Yellow Gem appears to be infected with a dahlia virus, most likely Dahlia Mosaic Virus. It has tested negative for every other common dahlia virus and DMV is the only one that I cannot test for. The effect of this virus is pretty minimal, other than causing some yellowing of the leaves, and it is extremely common in dahlias. The plants still flower well and produce plenty of tubers. So, it is your call. If you grow a lot of dahlias and you want to keep them disease free, you should probably not buy this (on the other hand, if you grow a lot of dahlias, you probably already have some that are infected). If you are just growing a few dahlias for food, it might not matter to you. I will keep trying to clean up this variety, but DMV is capable of integrating into the host genome, so cleanup may not be possible.
Yellow Gem is a high yielding variety with round to oval, off-white tubers. The tubers are firm and juicy, with a very smooth texture after cooking. Flavor is neutral in fall with just a hint of sweetness and floral aftertaste. By spring, the tubers are very sweet. Small, yellow “pom pom” type flowers. Grows to about 3 feet. An older variety, dating to 1914. Tolerates overwintering in wet soil better than most varieties, which helps to sweeten it.

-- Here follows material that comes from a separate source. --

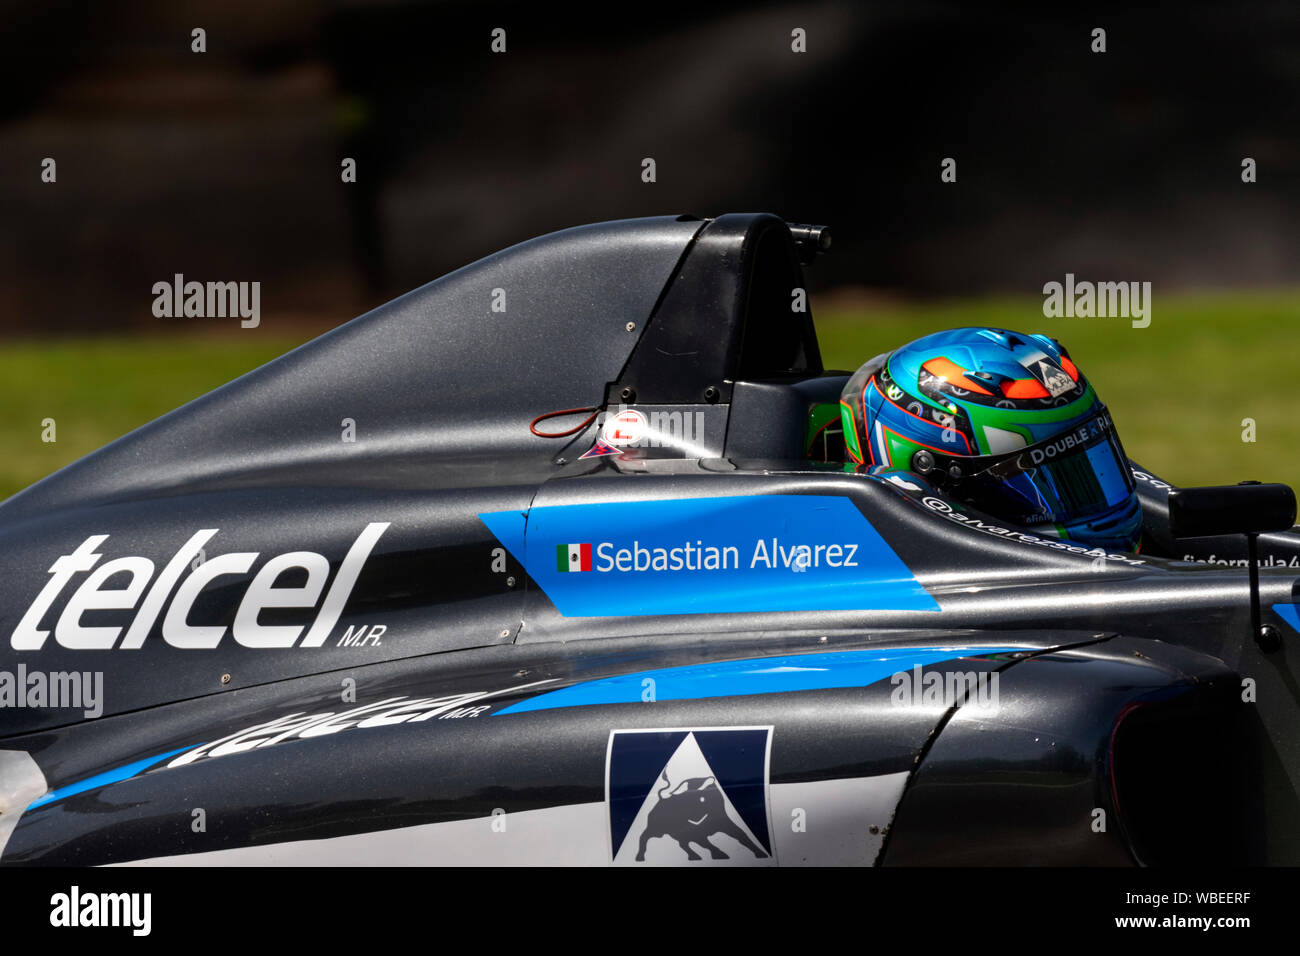 Auto 94, Fahrer, Sebastian Alvarez, Double R, Oulton Park F4 Meisterschaft Stockfoto
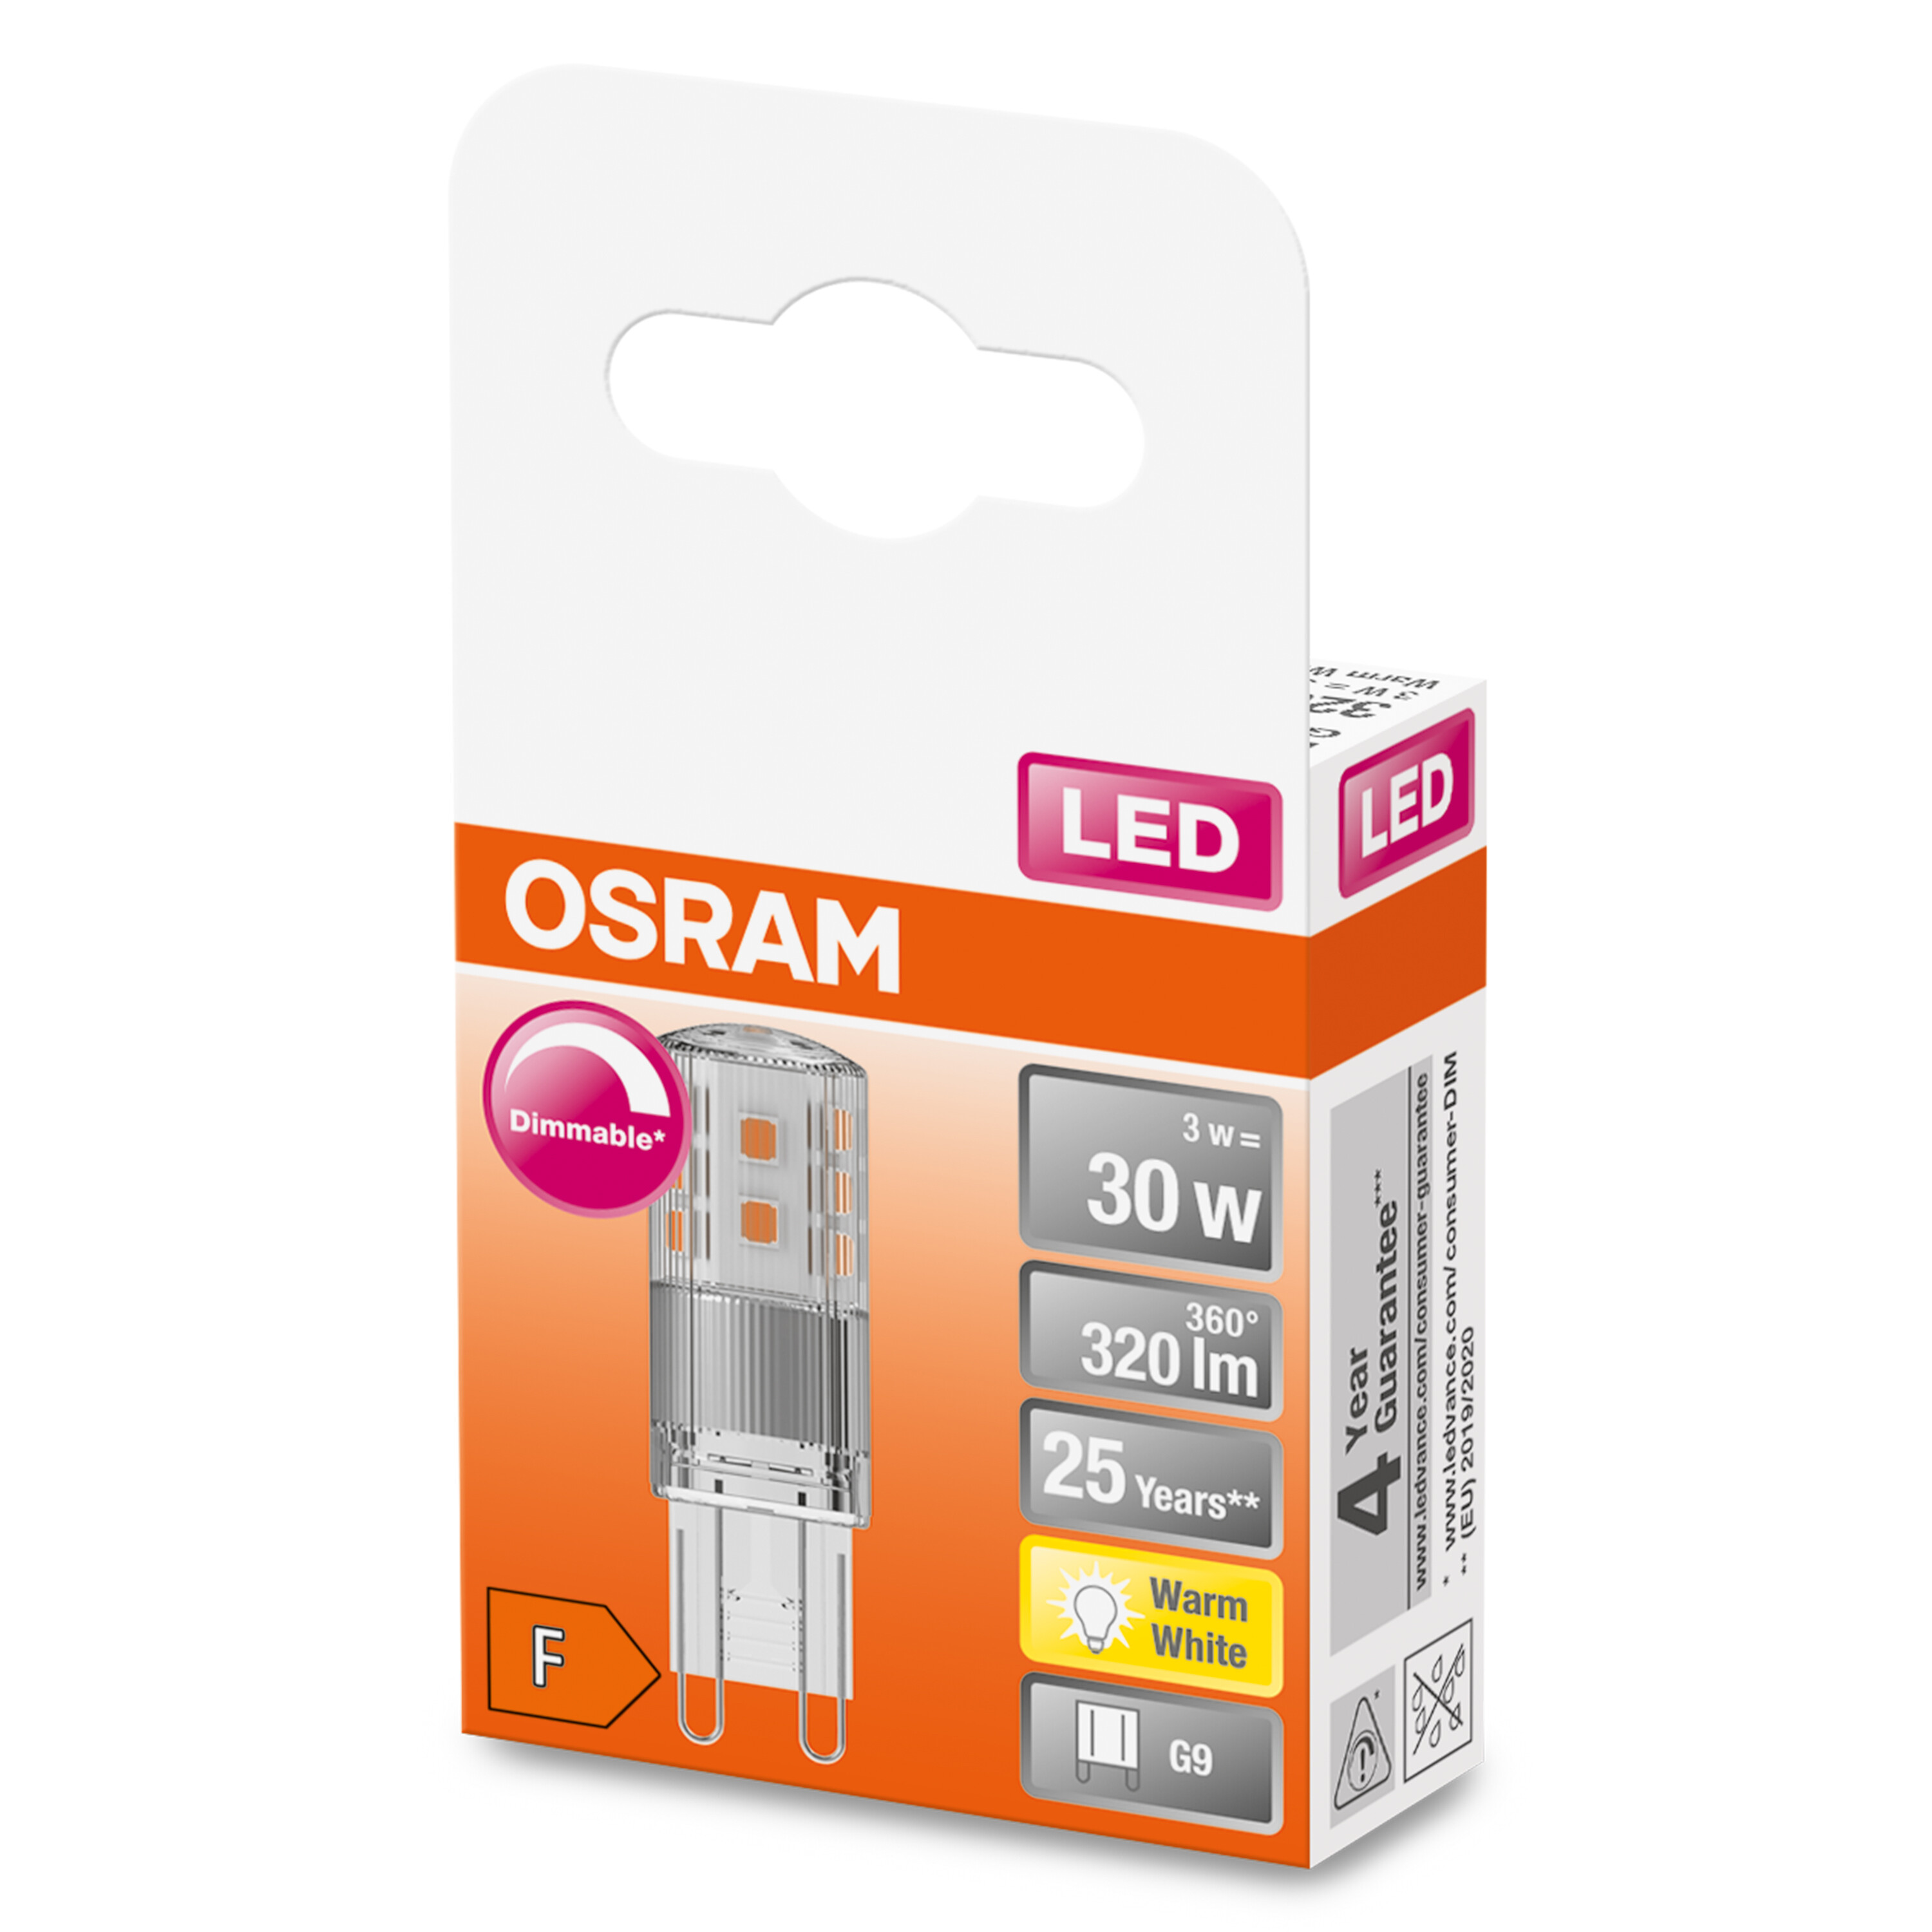 OSRAM  LED LED Warmweiß PIN Lampe G9 DIM lumen 320

We had a hard time tracking down a source for this variety. It appears that many ornamental growers have dropped it in favor of more showy varieties. Perhaps we can help it to gain some popularity and live on as an edible.
Although we sometimes offer tubers of these varieties, my main focus is producing seed for breeding. Like all dahlia seeds, the true seeds of this variety will not be true to type. I have grown out quite a few and got a range of types, predominantly single flowered and ball types. Many of them have tubers with good edible qualities.